Update on Streptococcus pneumoniae associated hemolytic uremic syndrome.

机构信息

Division of Pediatric Nephrology, Department of Pediatrics, The Children's Hospital of Philadelphia, Philadelphia, Pennsylvania 19104, USA.

出版信息

Curr Opin Pediatr. 2013 Apr;25(2):203-8. doi: 10.1097/MOP.0b013e32835d7f2c.

Abstract

PURPOSE OF REVIEW

Streptococcus pneumoniae associated hemolytic uremic syndrome (SpHUS) is defined by the occurrence of acute hemolytic anemia, thrombocytopenia and acute kidney injury in a patient with a S. pneumoniae infection. We review the pathophysiology, clinical course, treatment and prognosis for SpHUS. We also describe an expanded classification system that uses additional diagnostic criteria to identify more patients with a high likelihood of having SpHUS.

RECENT FINDINGS

SpHUS often may be underdiagnosed because of overlapping features with disseminated intravascular coagulation (DIC) and the lack of strict diagnostic criteria. The epidemiology has changed with the emergence of different pneumococcal serotypes as newer pneumococcal vaccines have been introduced.

SUMMARY

SpHUS accounts for 5-15% of all HUS cases. The majority of SpHUS patients have pneumonia and a low mortality rate in contrast to those with meningitis, who have a more severe clinical course. Although the pathogenesis of SpHUS remains unknown, the Thomsen-Friedenreich antigen seems to play a central role. S. pneumoniae produces neuraminidase, thereby exposing the Thomsen-Friedenreich antigen on the surface of cell membranes. Thomsen-Friedenreich antigen exposure can result in hemolysis and direct endothelial injury leading to HUS phenotype.

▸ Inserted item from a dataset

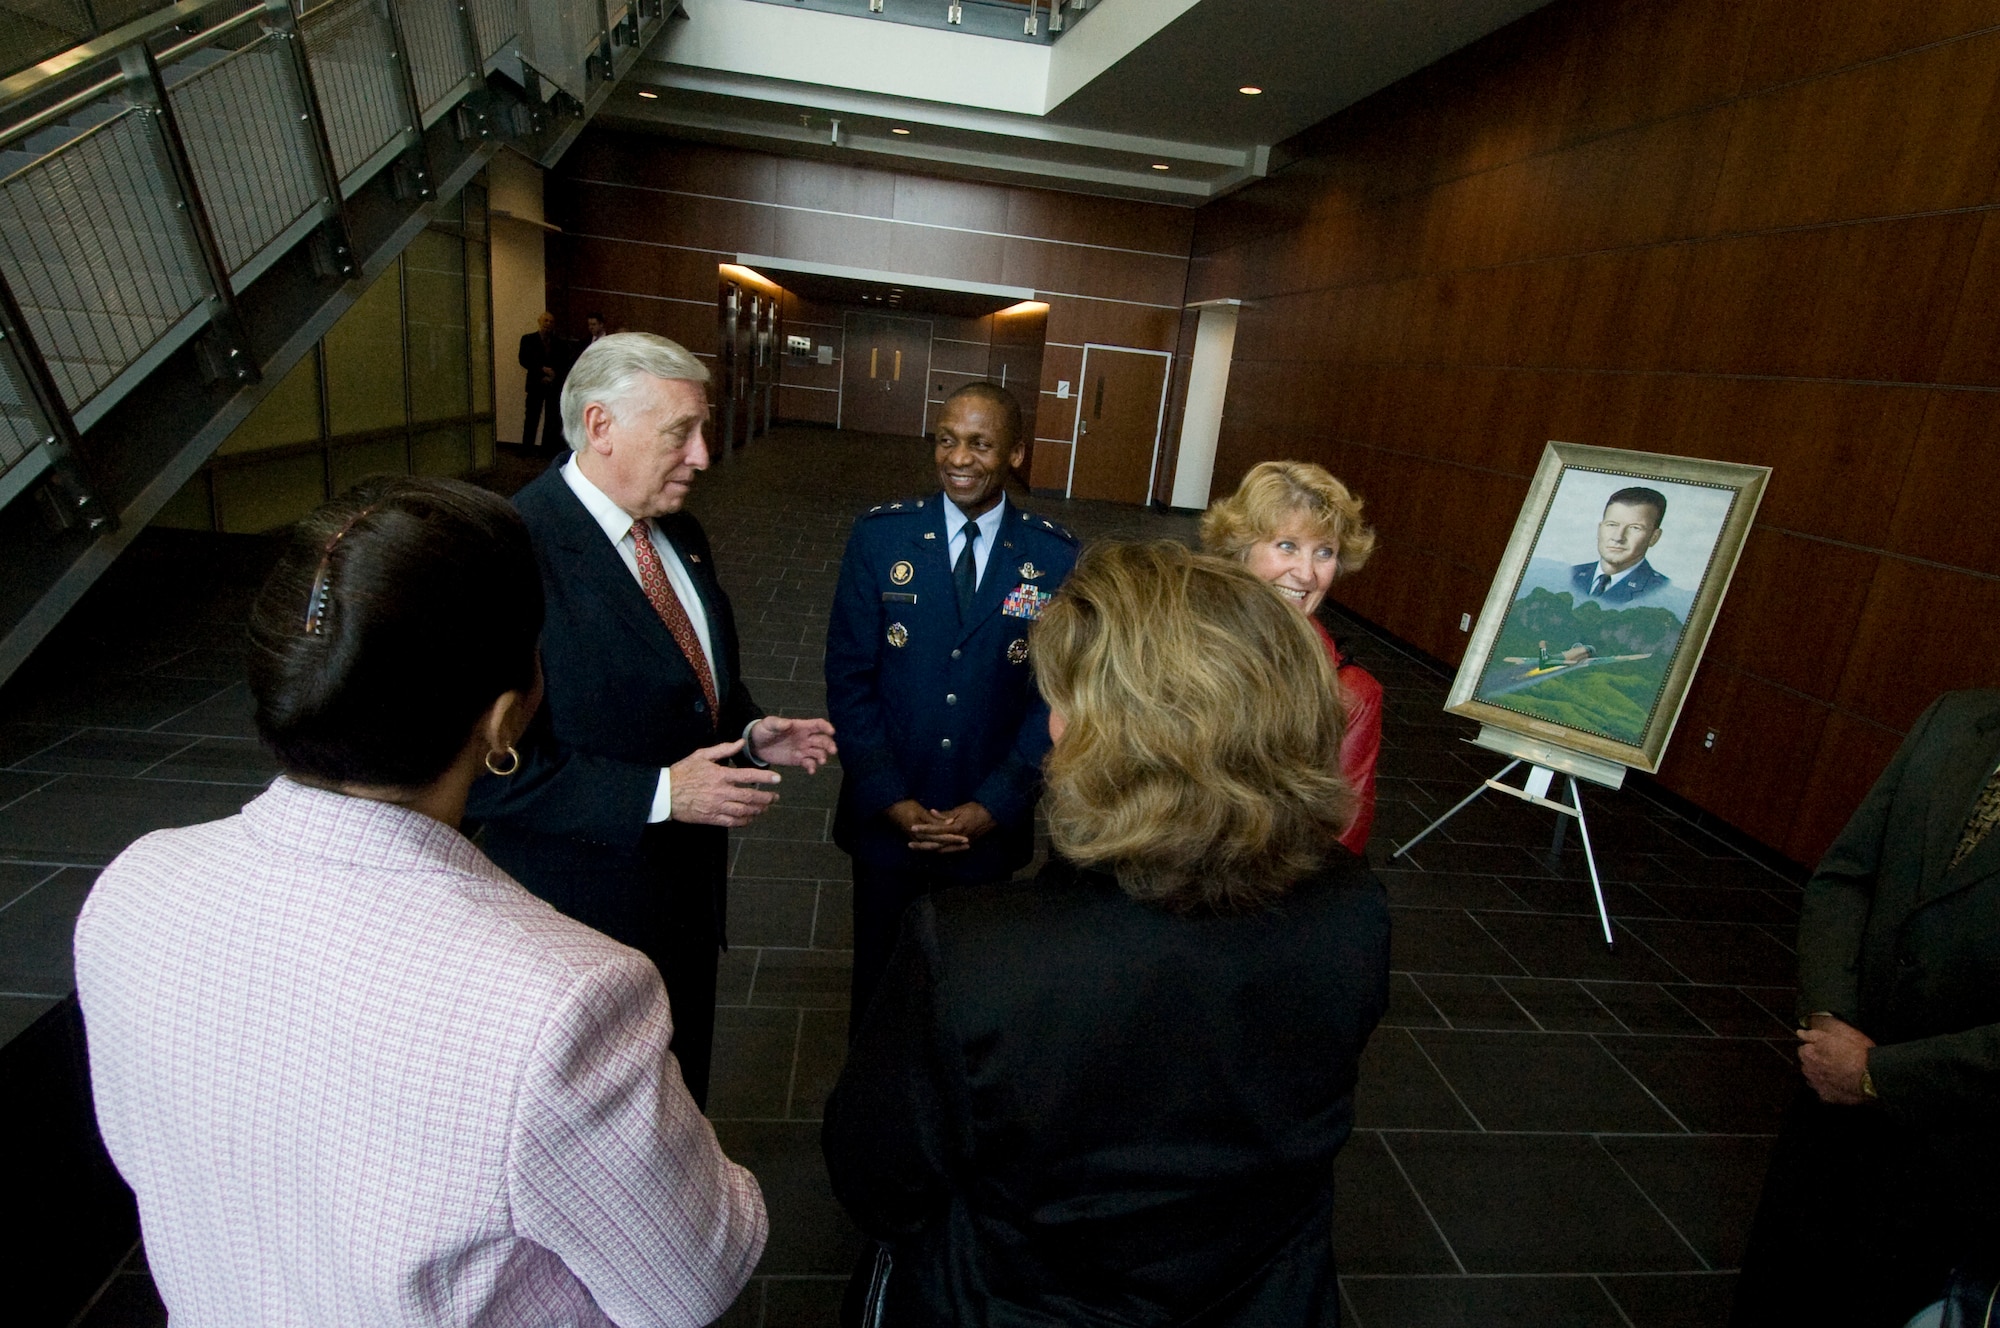 Rep. Steny Hoyer (D-Md.) talks with Maj. Gen. Darren McDew, Air Force District of Washington commander, inside the lobby of the newly dedicated William A. Jones III building during a tour of the facility March 22, 2011. Located atop 17 acres on Joint Base Andrews, the state-of-the-art facility will host 2,300 military and civilian personnel from around the National Capital Region. Col. William A. Jones III was an Air Force pilot who was shot down by enemy fire during the Vietnam War. He landed his aircraft safely, and was awarded the Medal of Honor posthumously for his efforts to locate and rescue a downed pilot. (U.S. Air Force photo by Bobby Jones)

Early identification of these patients is critical so that fresh frozen plasma may be avoided.

摘要

目的综述

肺炎链球菌相关性溶血尿毒综合征(SpHUS)的定义为肺炎链球菌感染患者发生急性溶血性贫血、血小板减少和急性肾损伤。我们综述了 SpHUS 的发病机制、临床病程、治疗和预后。我们还描述了一个扩展的分类系统,该系统使用额外的诊断标准来识别更多极有可能发生 SpHUS 的患者。

最新发现

由于弥漫性血管内凝血(DIC)的重叠特征和缺乏严格的诊断标准,SpHUS 常常可能被漏诊。随着新型肺炎球菌疫苗的推出,其流行病学发生了变化,不同的肺炎球菌血清型出现。

总结

SpHUS 占所有溶血尿毒综合征病例的 5-15%。与患有脑膜炎的患者相比,大多数 SpHUS 患者患有肺炎,临床病程较轻,死亡率较低。尽管 SpHUS 的发病机制尚不清楚,但 Thomsen-Friedenreich 抗原似乎起着核心作用。肺炎链球菌产生神经氨酸酶,从而使细胞膜表面的 Thomsen-Friedenreich 抗原暴露。Thomsen-Friedenreich 抗原暴露可导致溶血和直接内皮损伤,导致溶血尿毒综合征表型。早期识别这些患者至关重要,以免使用新鲜冷冻血浆。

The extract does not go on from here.